Service
- Type: Horse drawn railway

History
- Opened: 1894
- Closed: 1952

Technical
- Track length: 2.57 km (1.60 mi)
- Track gauge: 600 mm (1 ft 11+5⁄8 in)

= Bärschwil gypsum railway =

Railway line in Solothurn, Switzerland

The Bärschwil gypsum railway (Gipsbahn Bärschwil) was a narrow gauge railway in the Swiss canton of Solothurn. It existed from 1894 to 1952, carrying gypsum from mines in the village of Bärschwil to that village's former railway station some distance away on the Jura railway line.

The mines have now been closed and filled in, but some of the line's route through the village can be identified. Between the village and the station, much of the line's right of way is now occupied by a geologically themed hiking trail, which also crosses the four span metal girder bridge that is the line's main surviving relic.

== History ==
From the 19th century, Bärschwil was a source of gypsum. Initially the gypsum was extracted on the surface, but subsequently using underground mines accessed via adits. Until 1910, the mine was situated at Gupf, and when that was exhausted a new mine was opened at Kirchacker.
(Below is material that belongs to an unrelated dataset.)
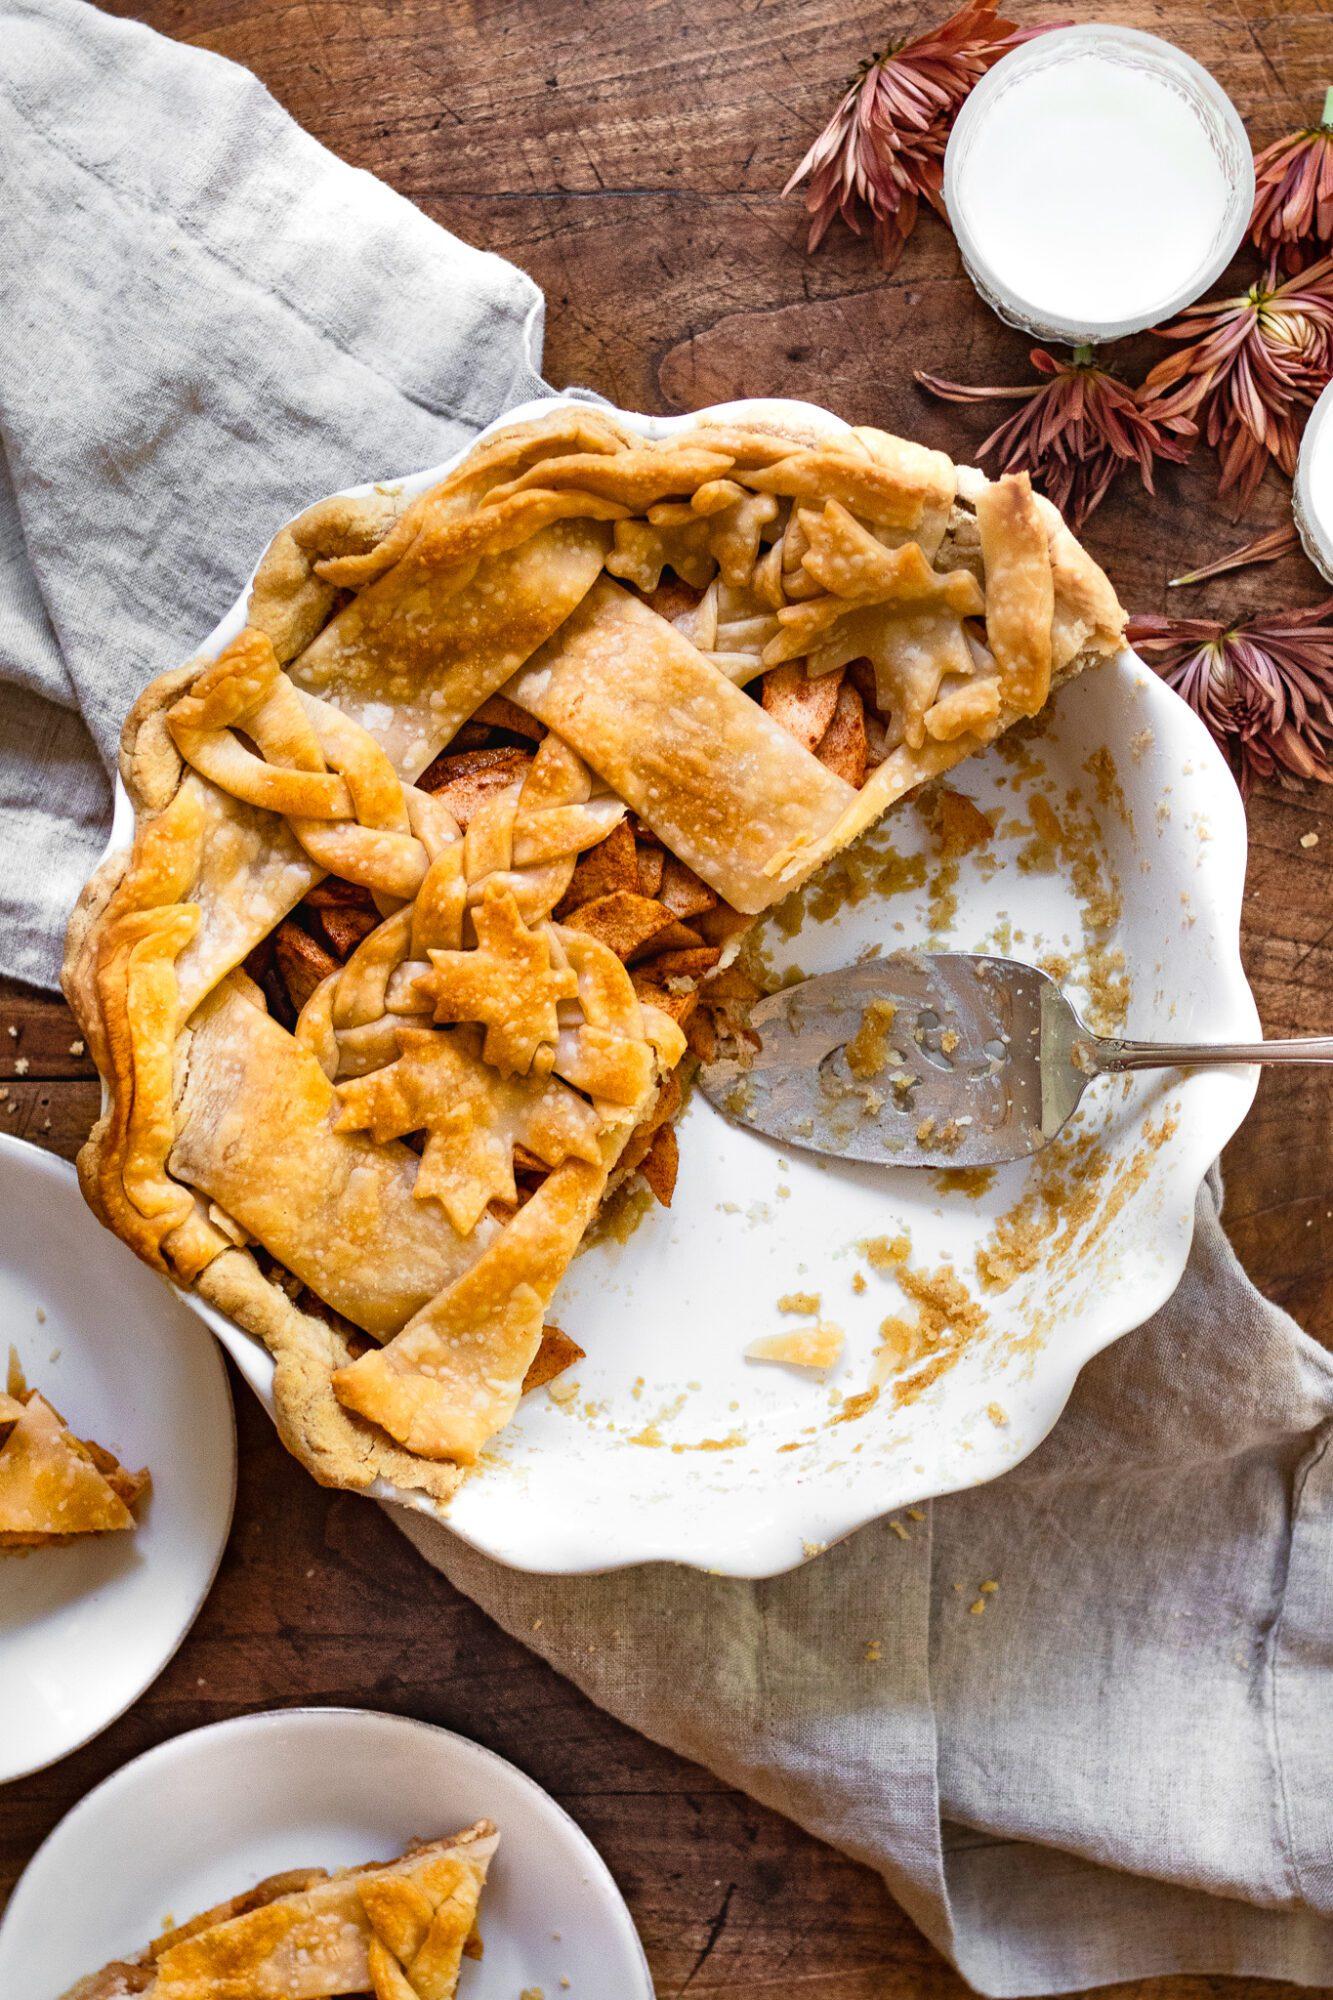 apple pie being eaten
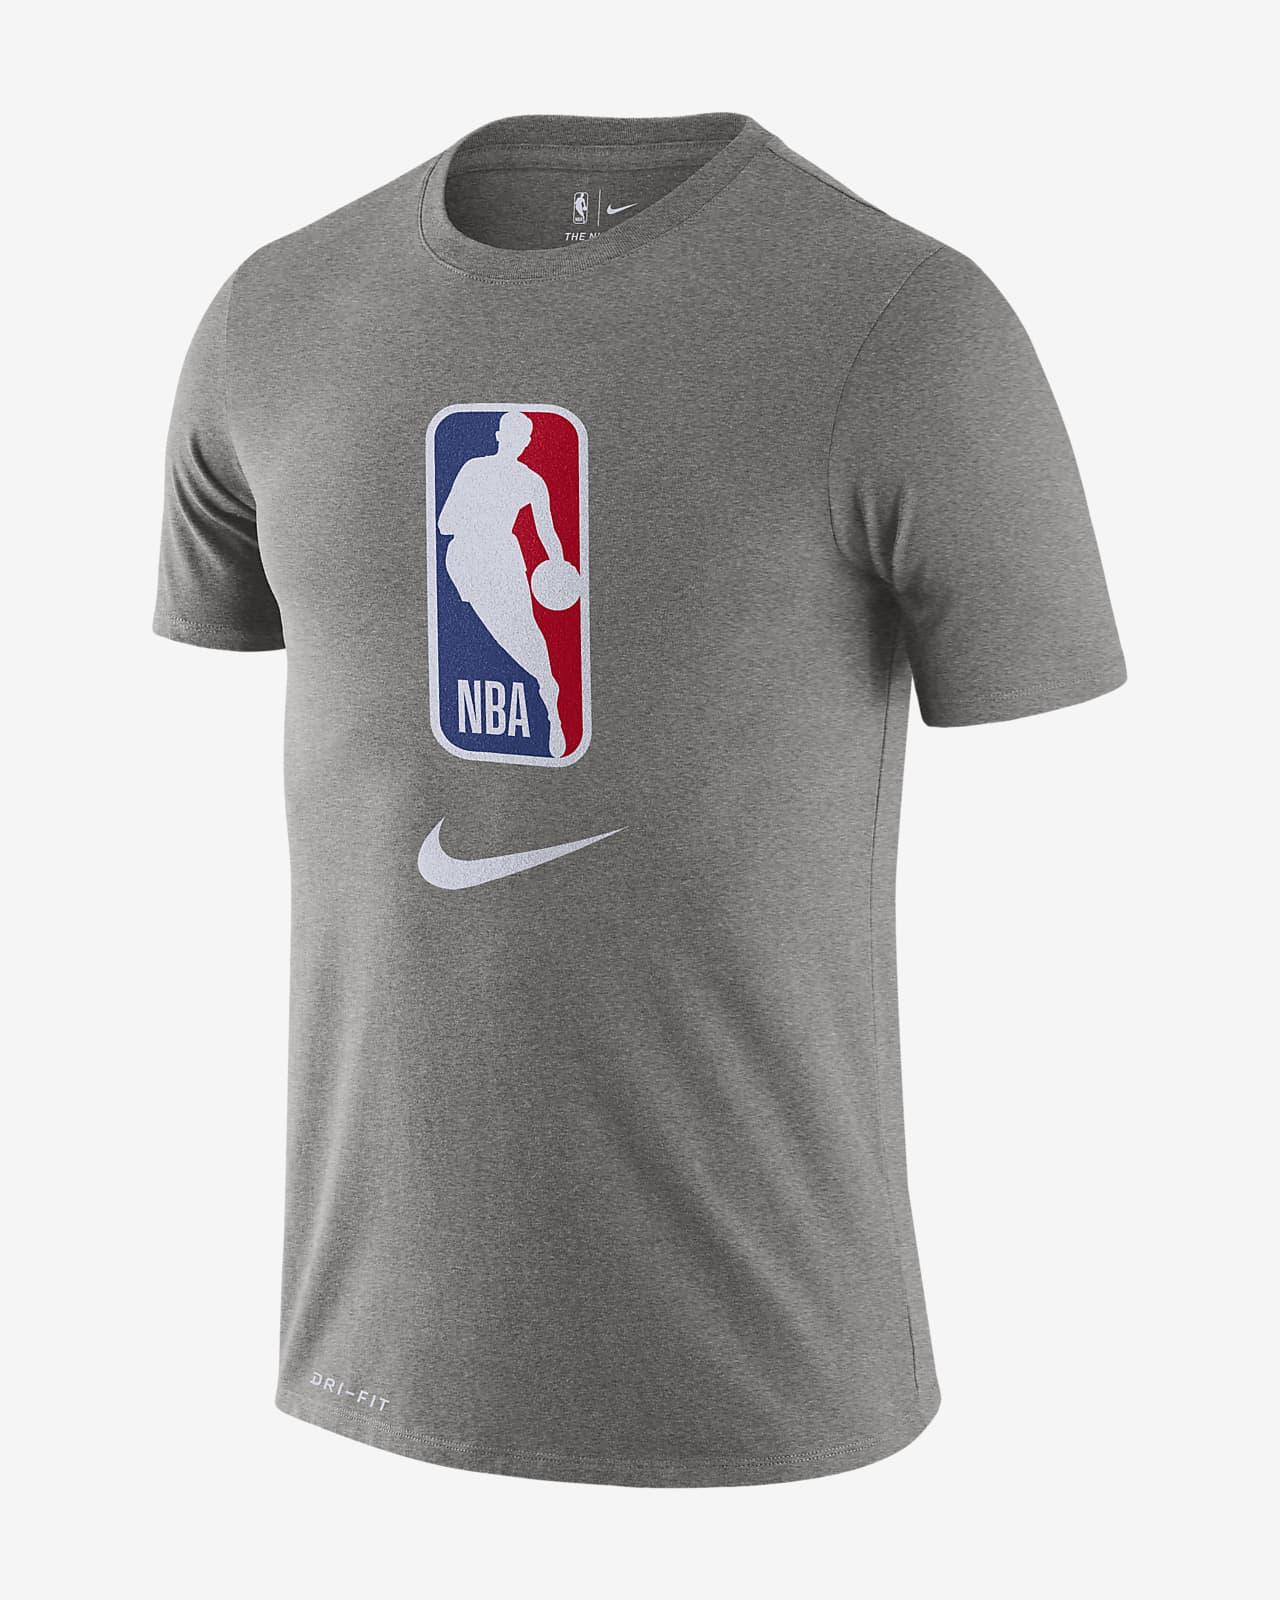 Team 31 Men's Nike Dri-FIT NBA T-Shirt

At first the gypsum was removed using horse and cart. In 1875, the Jura railway line was opened to the north of the village, and in 1894 the gypsum railway was constructed to link the mines to it. The line was 2.57 km long and of gauge. It had a continuous downhill gradient from the mines to the station, and loaded trains were run down this by gravity. Returning empty trains were hauled up the gradient by horses.

The line continued to operate in this manner until 1952, when it was replaced by road transport. The mines closed in 1957.